This is intended as a quick overview of steps to install and setup and to run xBKT locally.

# Installation and setup
git clone [email protected]/CAHLR/xBKT.git

Installing Eigen

Get Eigen from http://eigen.tuxfamily.org/index.php?title=Main_Page and unzip it somewhere (anywhere will work, but it affects the mex command below). On a *nix machine, these commands should put Eigen in /usr/local/include:

cd /usr/local/include
wget --no-check-certificate http://bitbucket.org/eigen/eigen/get/3.1.3.tar.gz
tar -xzvf 3.1.3.tar.gz
ln -s eigen-eigen-2249f9c22fe8/Eigen ./Eigen
rm 3.1.3.tar.gz

Similarly, if working in OS X, you can download the latest stable version of Eigen from the site above. This program has run successfully with Eigen 3.2.5. First move the file to /usr/local/include, then unzip and create simplified link to Eigen. These commands can be used below:

mv <path to file>/3.1.3.tar.gz /usr/local/include/3.1.3.tar.gz
tar -xvf 3.1.3.tar.gz
ln -s <name of unzipped file>/Eigen ./Eigen
rm 3.1.3.tar.gz

Compiling

Run make in the root directory of the xBKT project folder. If this step runs successfully, you should see a MEX file generated for each of the .cpp files.

Potential Errors When Running Makefile on OS X

Before running make, check Makefile in xBKT. Be sure that the MATLABPATH matches your matlab version and EIGENPATH matches your Eigen filepath. For example, if you're working with Matlab 2015 in OS X, you may need to update Makefile with the new name of your Applications from

    ifeq ($(UNAME),Darwin)
        MATLABPATH=/Applications/MATLAB_R2013a.app
    endif

to something like

    ifeq ($(UNAME),Darwin)
        MATLABPATH=/Applications/MATLAB_R2015b.app
    endif

You may see the following error while running make

    make: g++-4.9: No such file or directory

Try gcc --version in your terminal. If a version exists, you already have gcc installed. This error may be due to an incorrect version of gcc being called. In order to change the gcc version in Makefile, update the CXX variable. For example, you may need to change CXX=g++-4.9 to CXX=g++-5, depending on the version you set up.

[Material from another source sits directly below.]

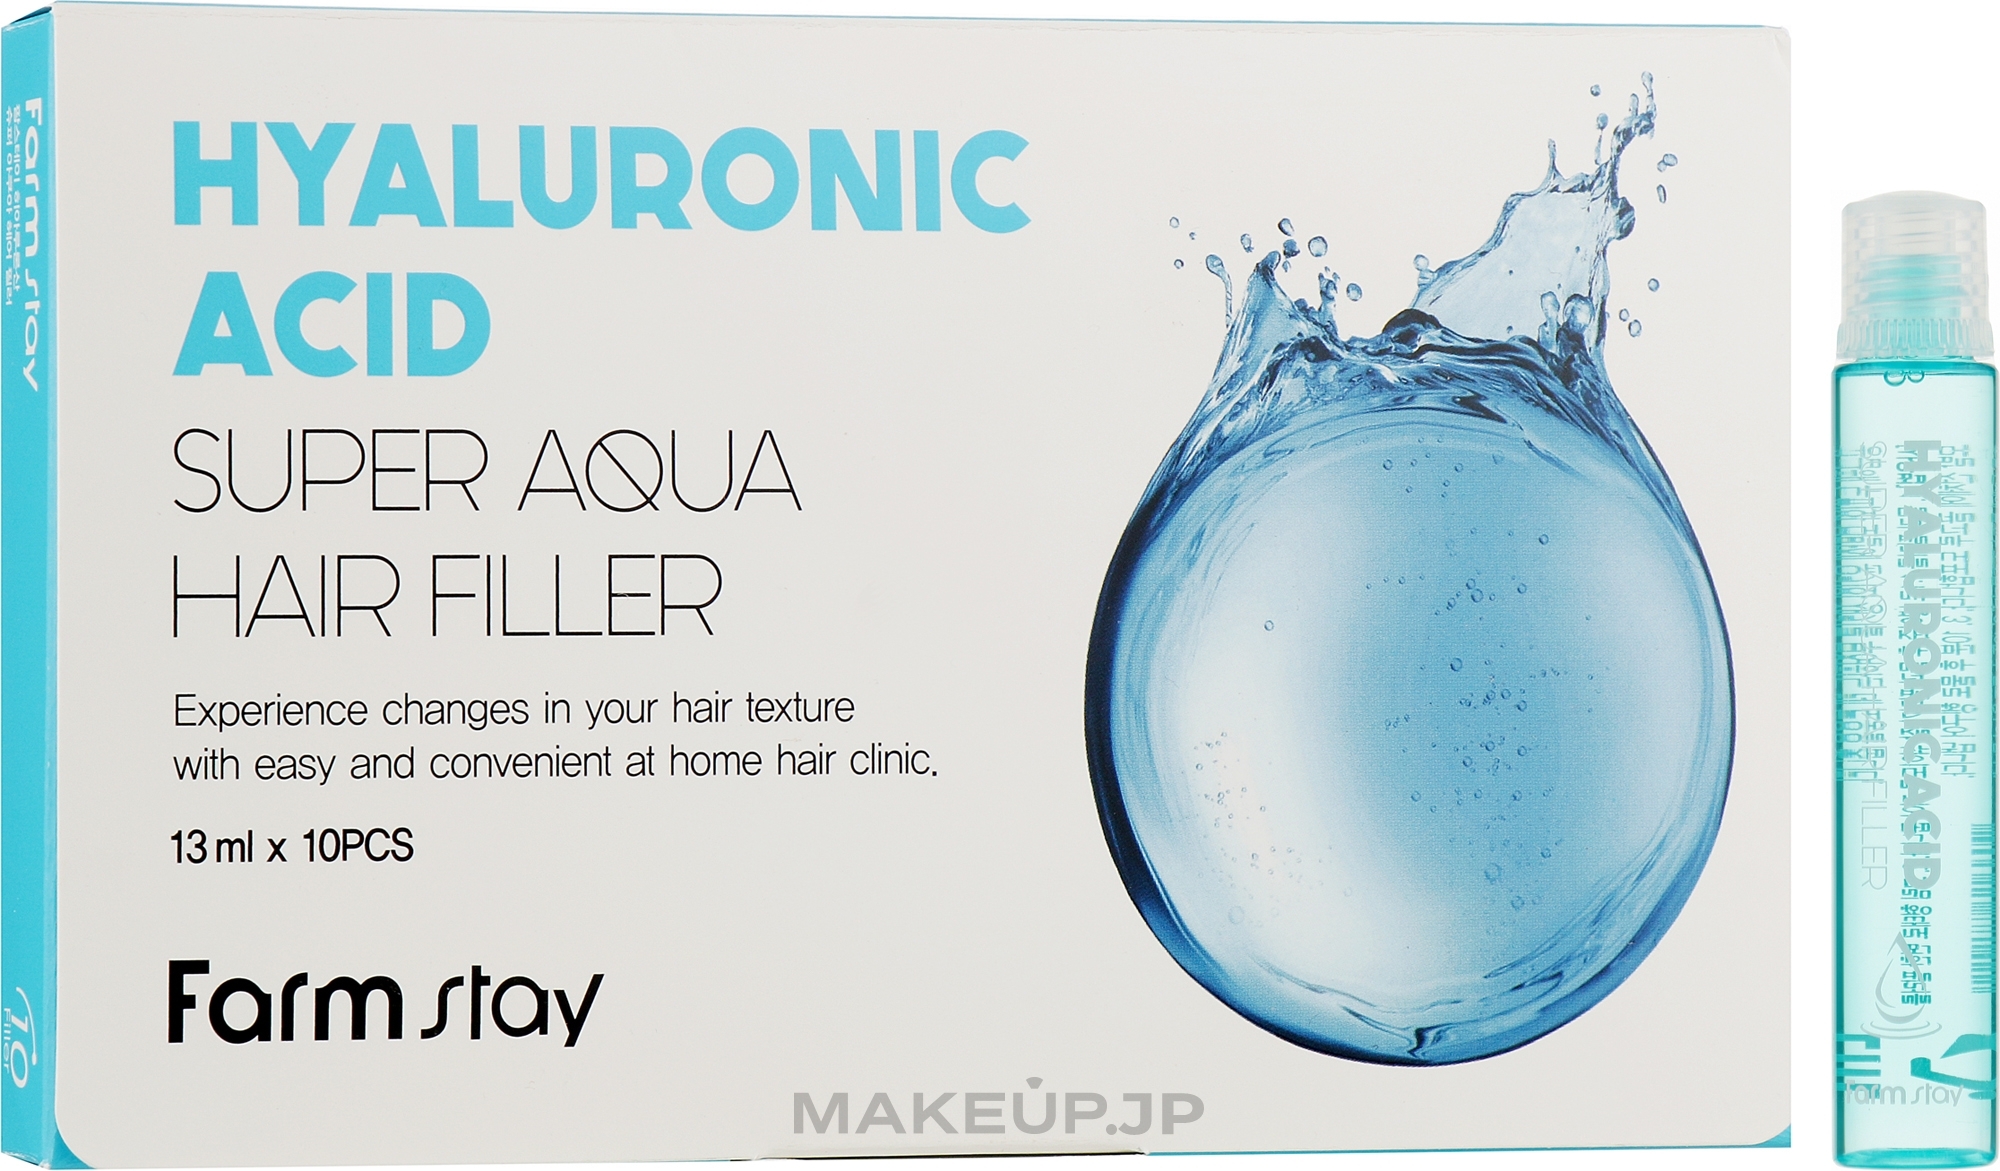 Nourishing Hyaluronic Acid Hair Filler - Farmstay Hyaluronic Acid Super Aqua Hair Filler — photo 10 x 13 ml

If a version does not exist, you may need to download gcc49. This can be downloaded with brew.

These steps would allow you to set up gcc49. Run the following commands

    brew install --enable-cxx gcc49
    brew install mpfr
    brew install gmp
    brew install libmpc
# Preparing Data and Running Model # ## Input and Output Data ## `xBKT` models student mastery of a skills as they progress through series of learning resources and checks for understanding. Mastery is modelled as a latent variable has two states - "knowing" and "not knowing". At each checkpoint, students may be given a learning resource (i.e. watch a video) and/or question(s) to check for understanding. The model finds the probability of learning, forgetting, slipping and guessing that maximizes the likelihood of observed student responses to questions.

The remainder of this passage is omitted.